The relative displacement between the bilateral first molars of model 8 was set to 1, to compare the effect of other designs on the amount of jaw displacement.

Prosthesis design

In the study, the relative displacement between the bilateral first molars of model 8 was set to 1, to compare the effect of other designs on the amount of jaw displacement. During the maximum opening, minimum flexibility of the mandible was detected in models 1, 4, and 7 (full-arch bridge with or without cantilever), relative displacements of which were 0.47, 0.47, and 0.57, respectively (at the bilateral first molar region in the condylar convergence direction). For the full-arch bridge, the flexibility increased as the number of implants decreased (models 1 and 4 vs. model 7). A higher level of flexibility (0.85) was detected in models 2, 3, 5, and 6 (segmental framework). Therefore, compared with full-arch bridges, segmented superstructures favor in preserving the physiological bending of the mandible. Regarding the superstructure material, the mandible displacement of the titanium group was slightly higher than that of the zirconia group of the one-piece framework, with no significant difference in the segmental framework, as shown in the middle (zirconium-maximum opening) columns of Table 7.

Loading condition

As shown in the bottom (titanium-unilateral molar clenching) columns of Table 7, in right molar occlusion, the effect of the superstructure design on MF was more pronounced than that in the opening. The relative displacements of the one-piece framework were only 0.20–0.27 (models 1, 4, and 7), while relative displacements of segmented frameworks (models 2, 3, 5, and 6) were more than 0.85.

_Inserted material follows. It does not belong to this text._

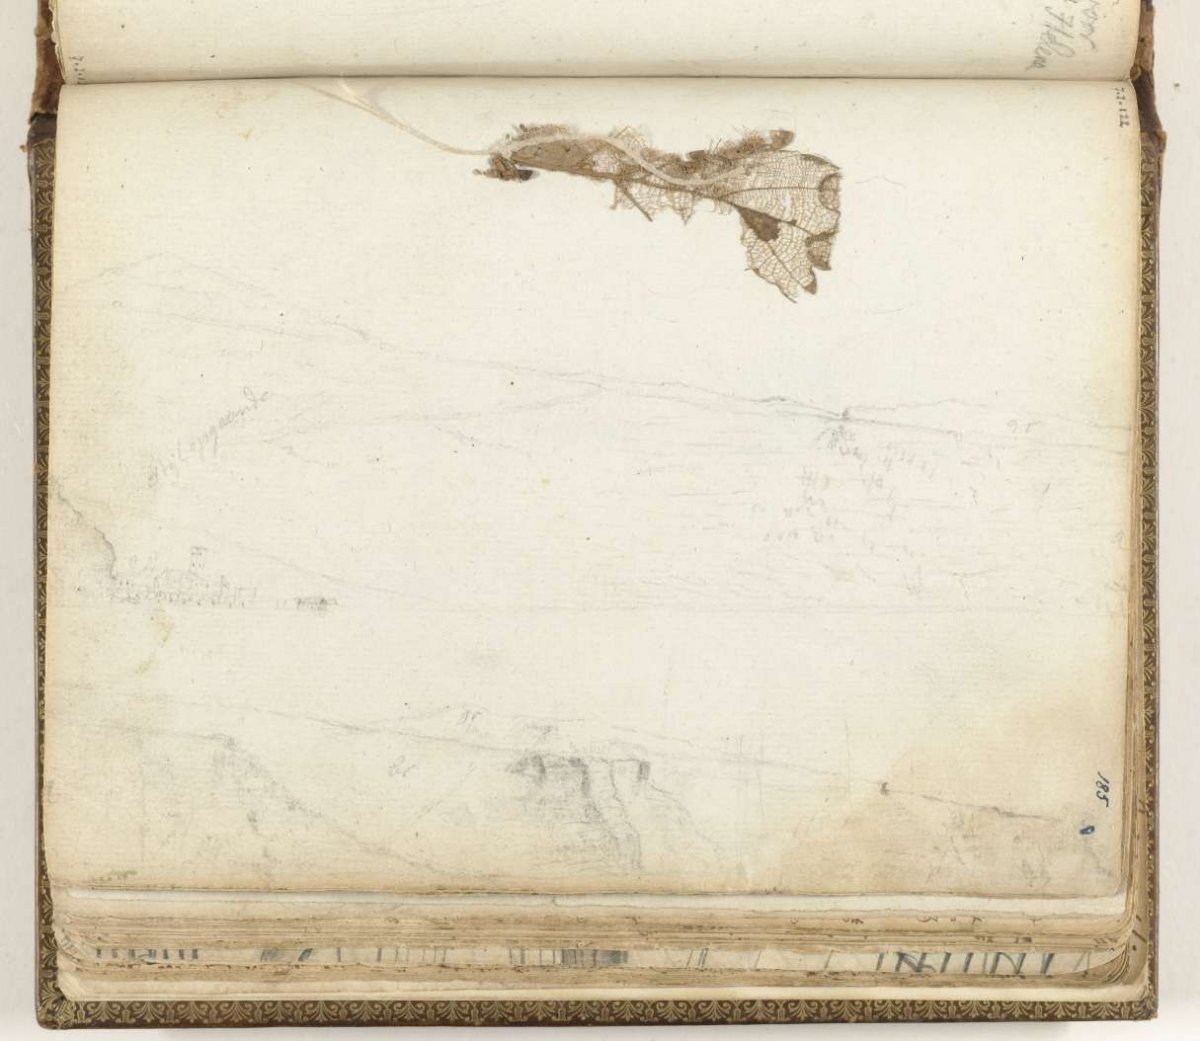 Baai Sint-Helena, gedroogd blad, Jan Brandes, 1787

Stress distribution (von Mises stresses) in the mandible

As shown in Figure 5, in three facial types, the stress in the mandible was the highest in the brachyfacial type, followed by mesofacial and dolichofacial types, and all groups represented the same pattern of stress distribution.

FIGURE 5

Von Mises stresses in the mandible of different facial types. (A) Inside view of the mandibular ascending ramus. (B) Occlusal view of the mandibular body. The stress peak values of the mandible mainly appear at the mandibular median joint, below the sigmoid notch of the mandibular ascending ramus and at the bone interface of the implants.

For gender, as shown in Table 8, the maximum von Mises stress of the mandible in the female group was slightly higher than that in the male group of brachyfacial and mesofacial types but lower for the dolichofacial type. Both patterns of stress distribution were the same. Because the mesofacial type was the most prevalent (70%) in the population (Sella Tunis et al., 2021), the group of the mesofacial type (male) was chosen to assess the effect of other factors.

TABLE 8

Maximum von Mises stresses on the mandible and prostheses in different facial types and genders in the mandibular opening (male/female) (MPa).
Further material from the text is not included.